Gangsterskie porachunki, które mrożą czytelnika aż po opuszki palców, to jeszcze nie wszystko. Pisarz urozmaica fabułę o fascynującą historię miłosną. Nutka melancholii i namiętność sprawiają, że powieść czyta się jeszcze lepiej. Uczucia te zdają się odskocznią od przemocy i brudnych domów publicznych, do których wpada się na kilka godzin po zostawieniu kogoś w kałuży krwi na ulicy.
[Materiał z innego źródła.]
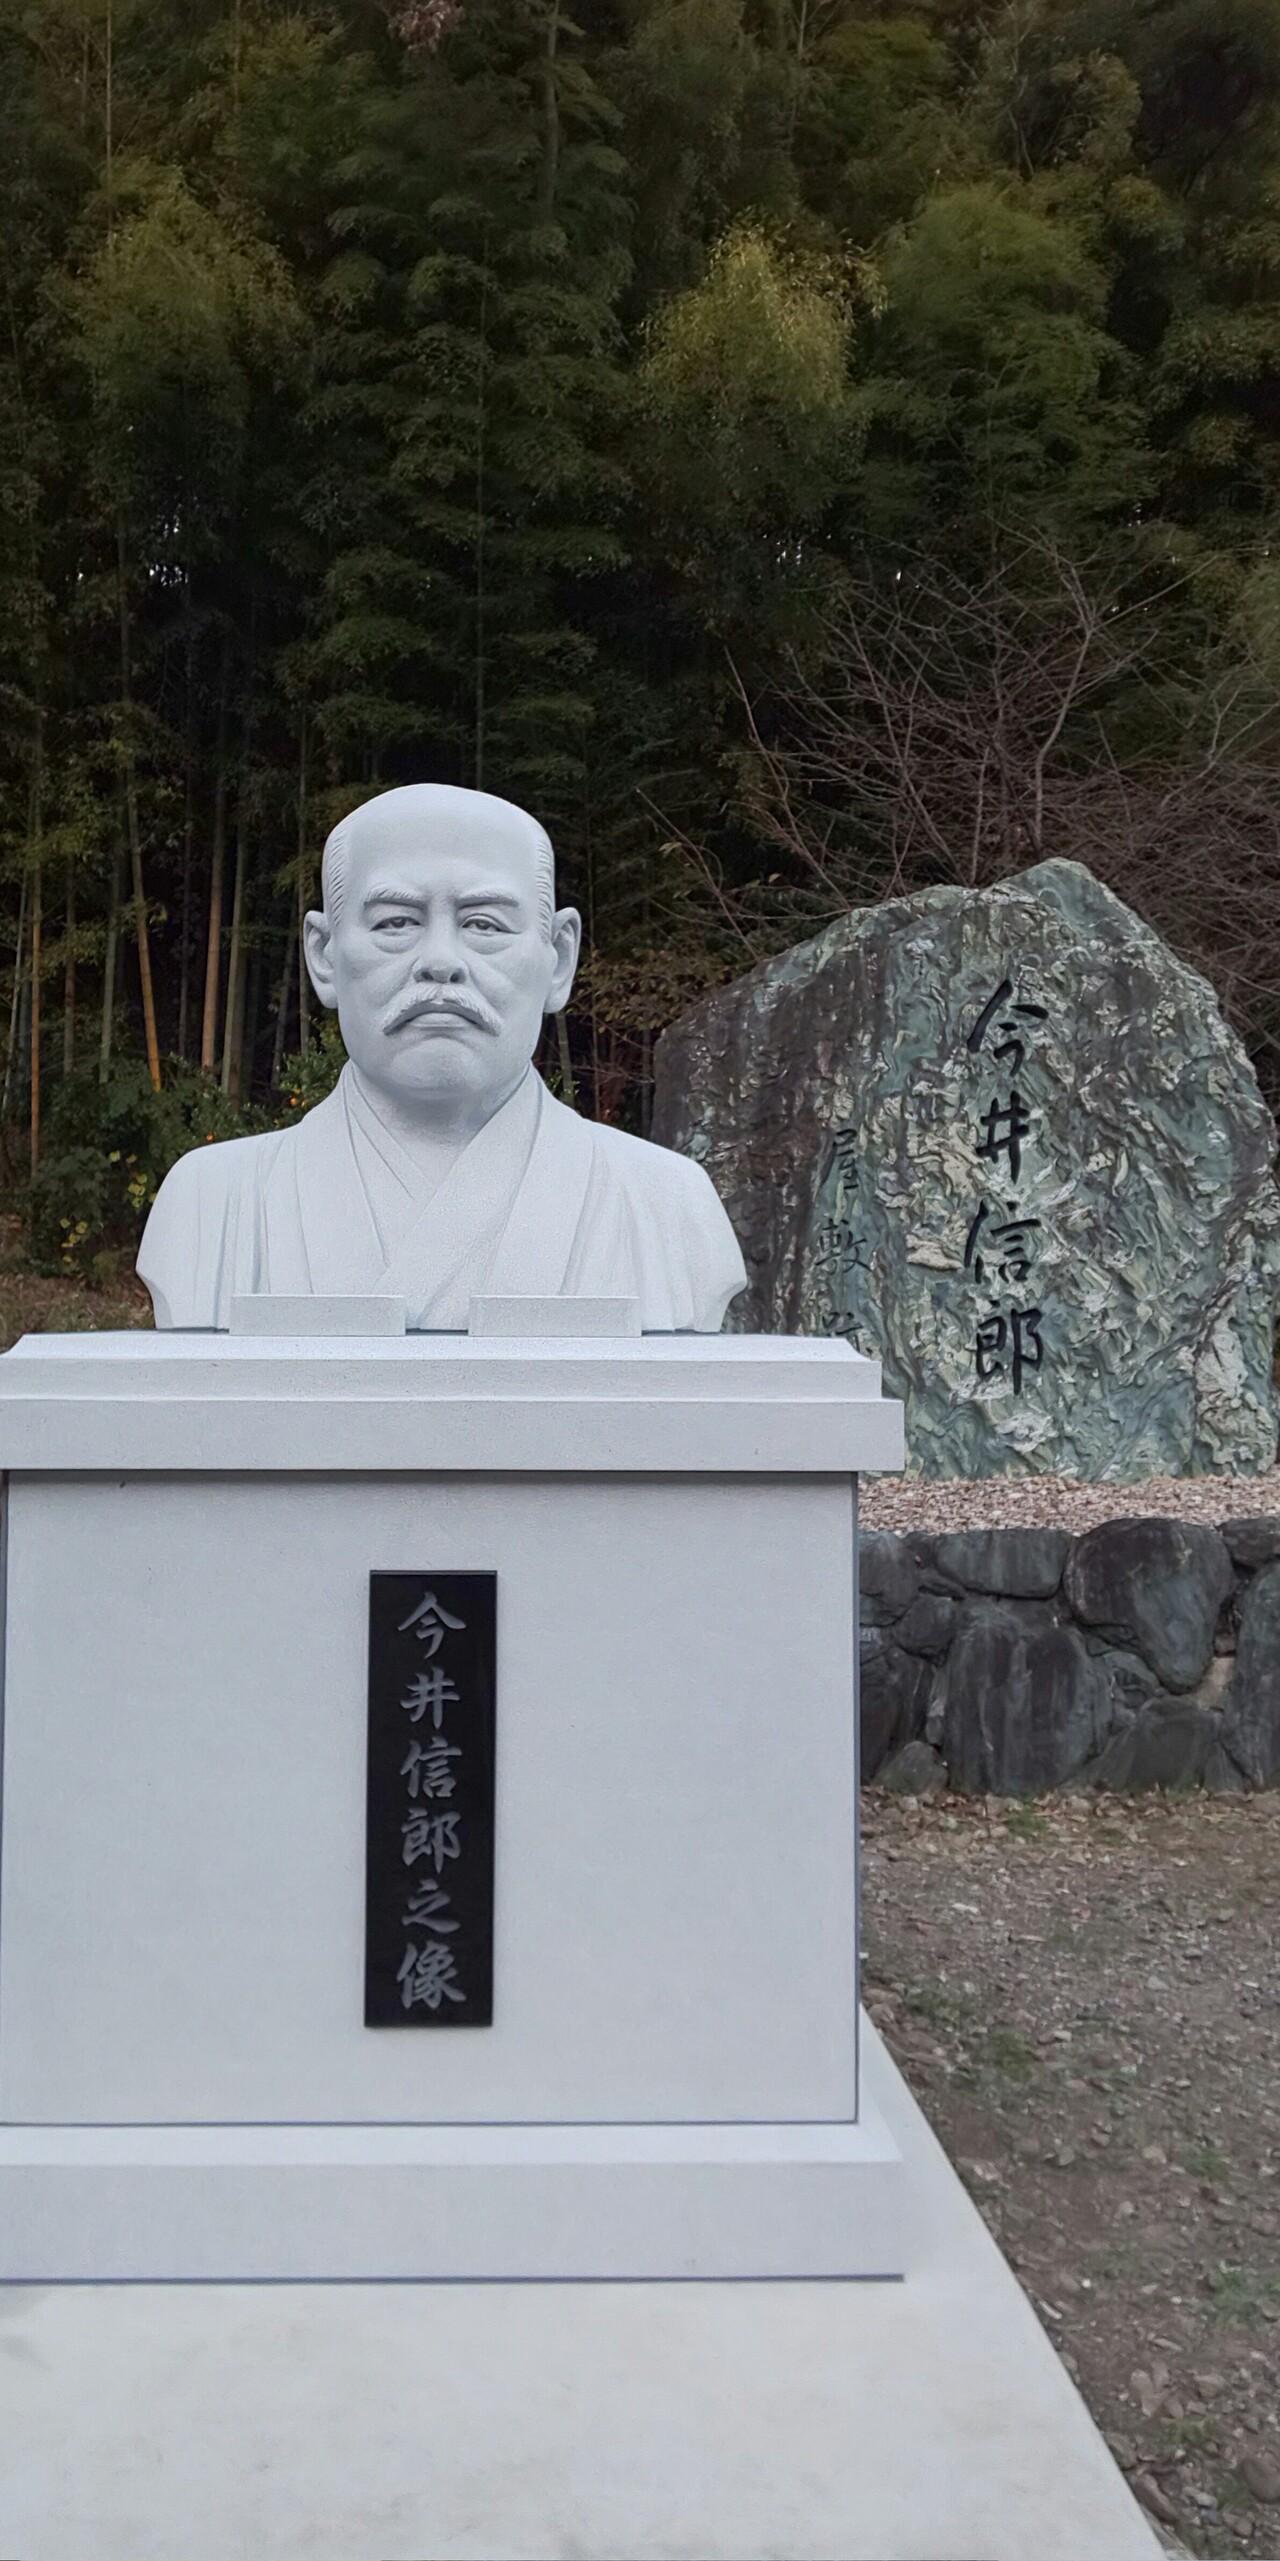 場所 暗殺 坂本 龍馬
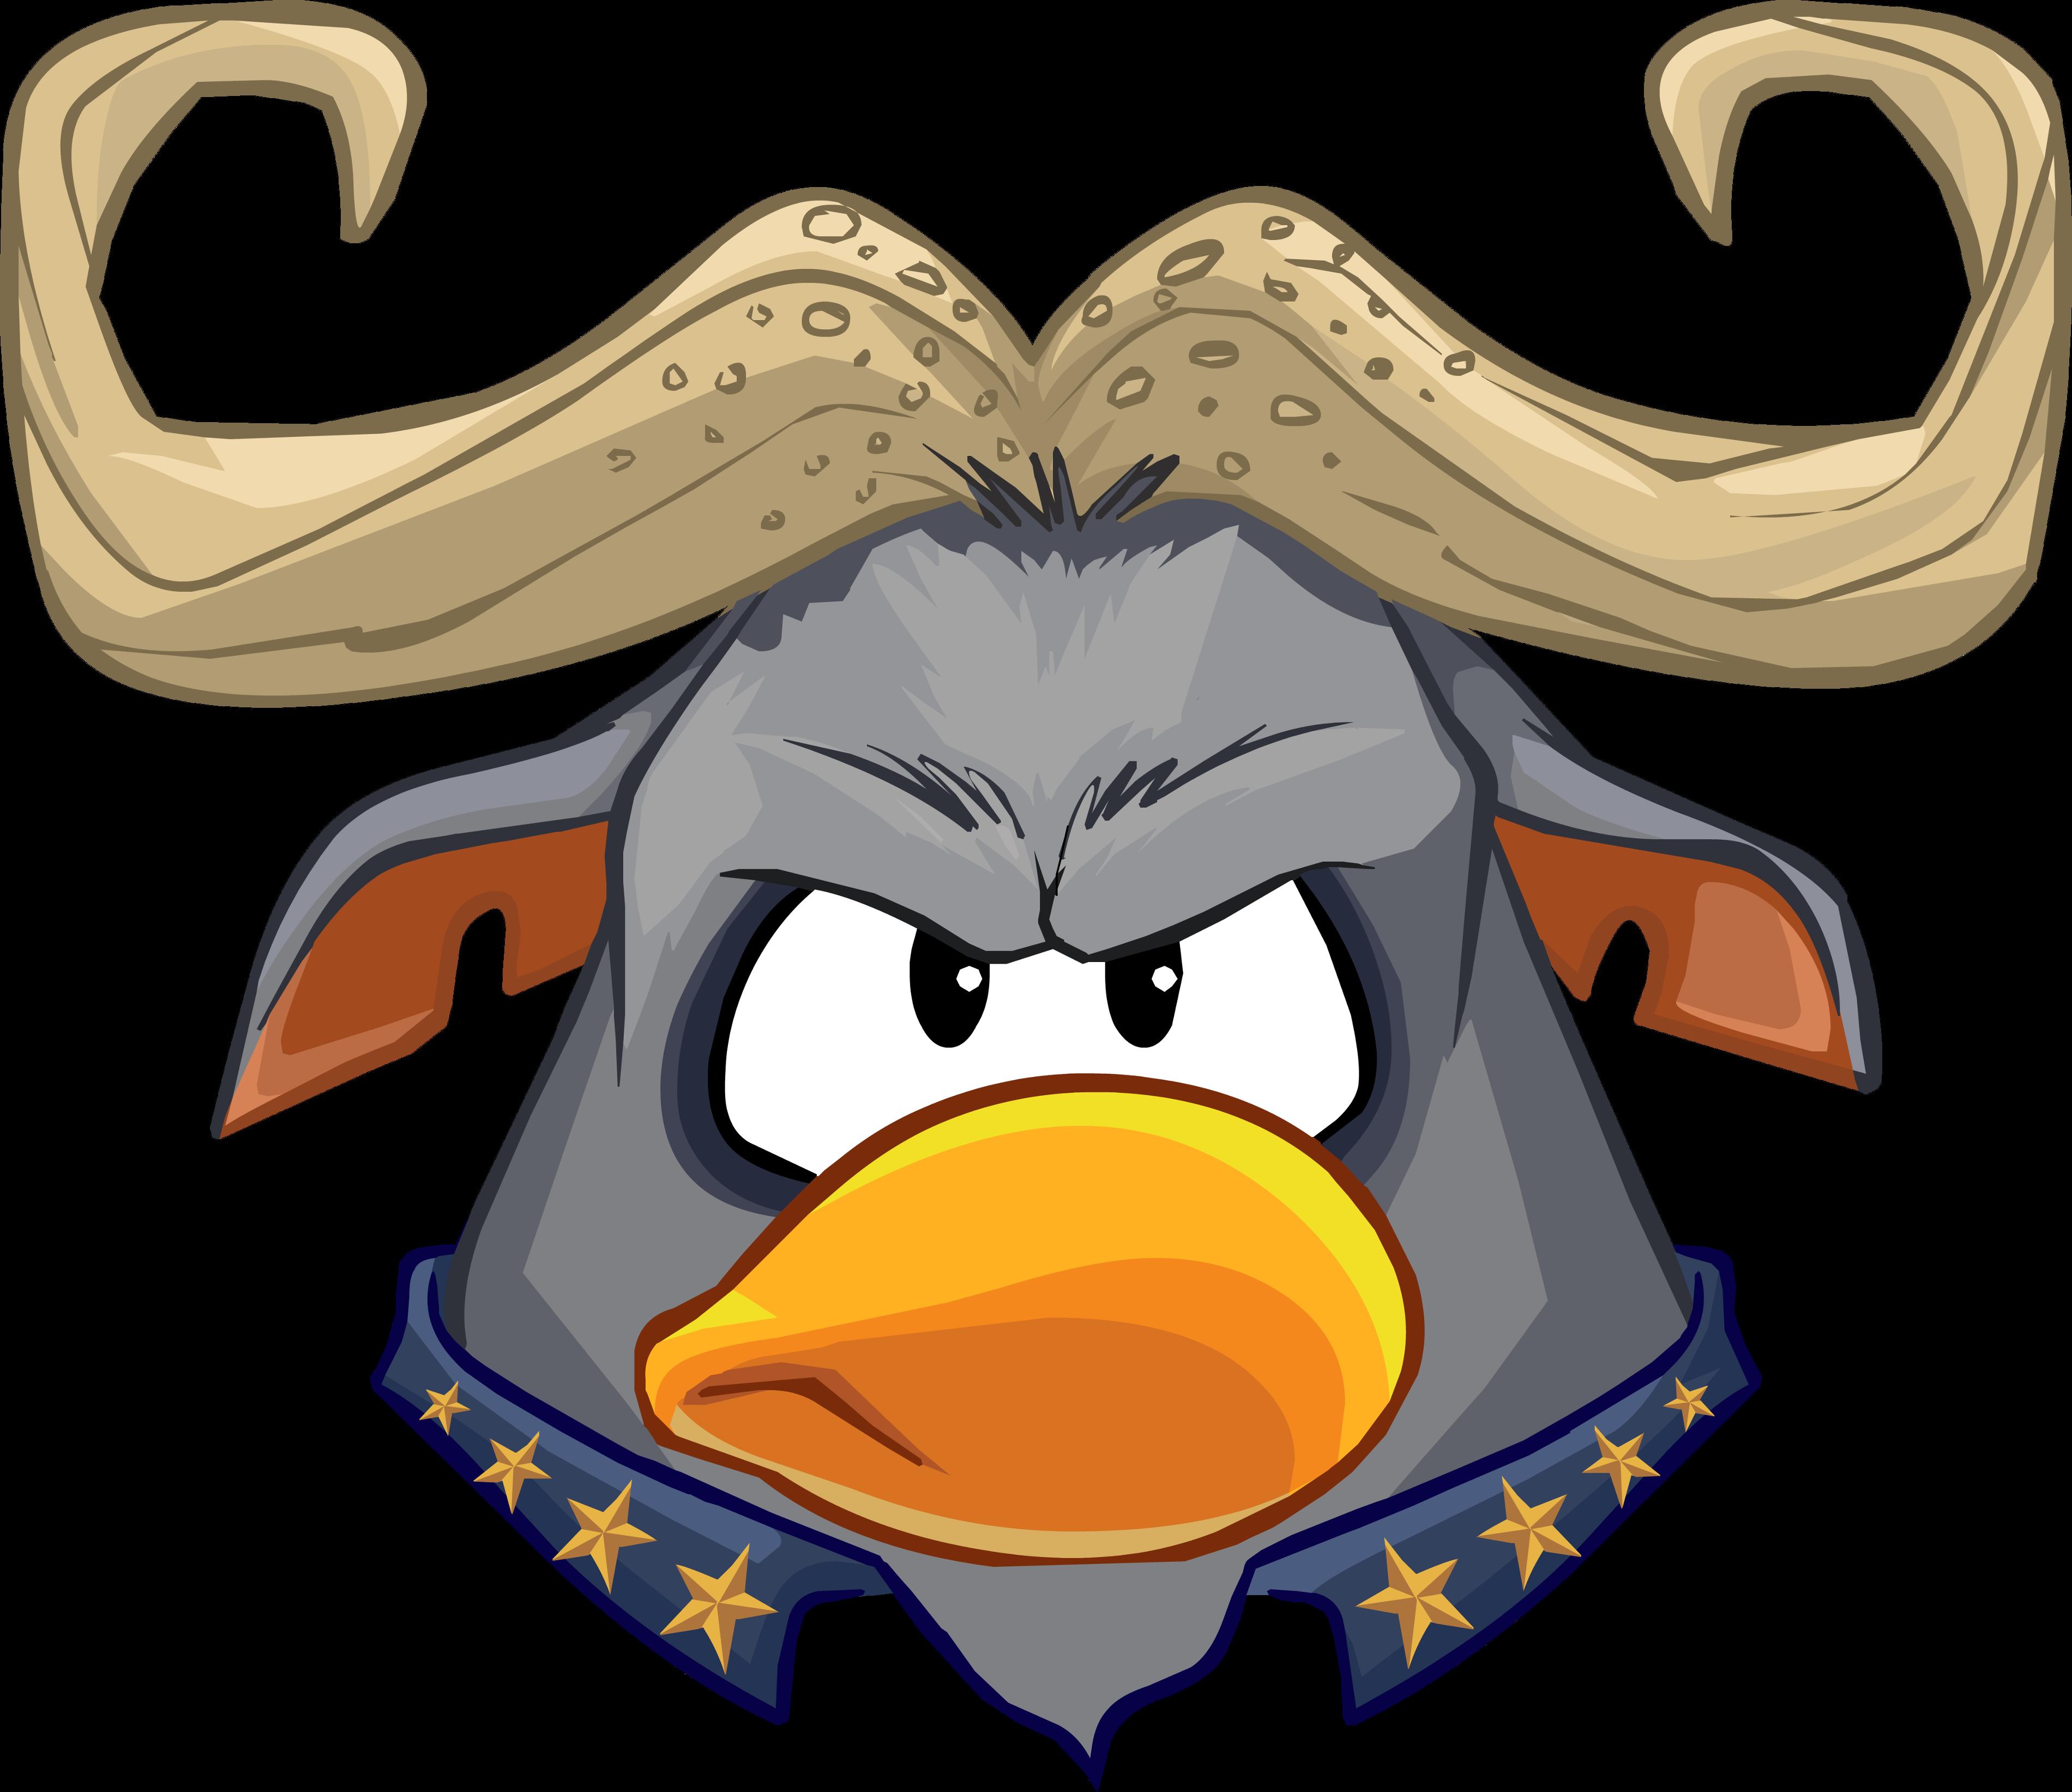 Mask clipart animal. Chief bogo club penguin

Podobnie, jak we wcześniej powieści "Morfinie" towarzyszy nam w tym wszystkim nieznana siła, "popęd", napędzający lawinę wydarzeń.
Szczepan Twardoch należy do jednych z najpopularniejszych pisarzy ostatnich lat. Został nagrodzony Nautilusem za najlepsze opowiadanie pod tytułem "Rondo"; nagrodę tę otrzymał w 2006 r. Dwa lata później otrzymał Srebrne Wyróżnienie Nagrody Literackiej im. Jerzego Żuławskiego. Powieść "Król" również została doceniona przez czytelników i krytyków, o czym świadczy Nagroda Literacka Gdynia przyznana pisarzowi w roku 2007.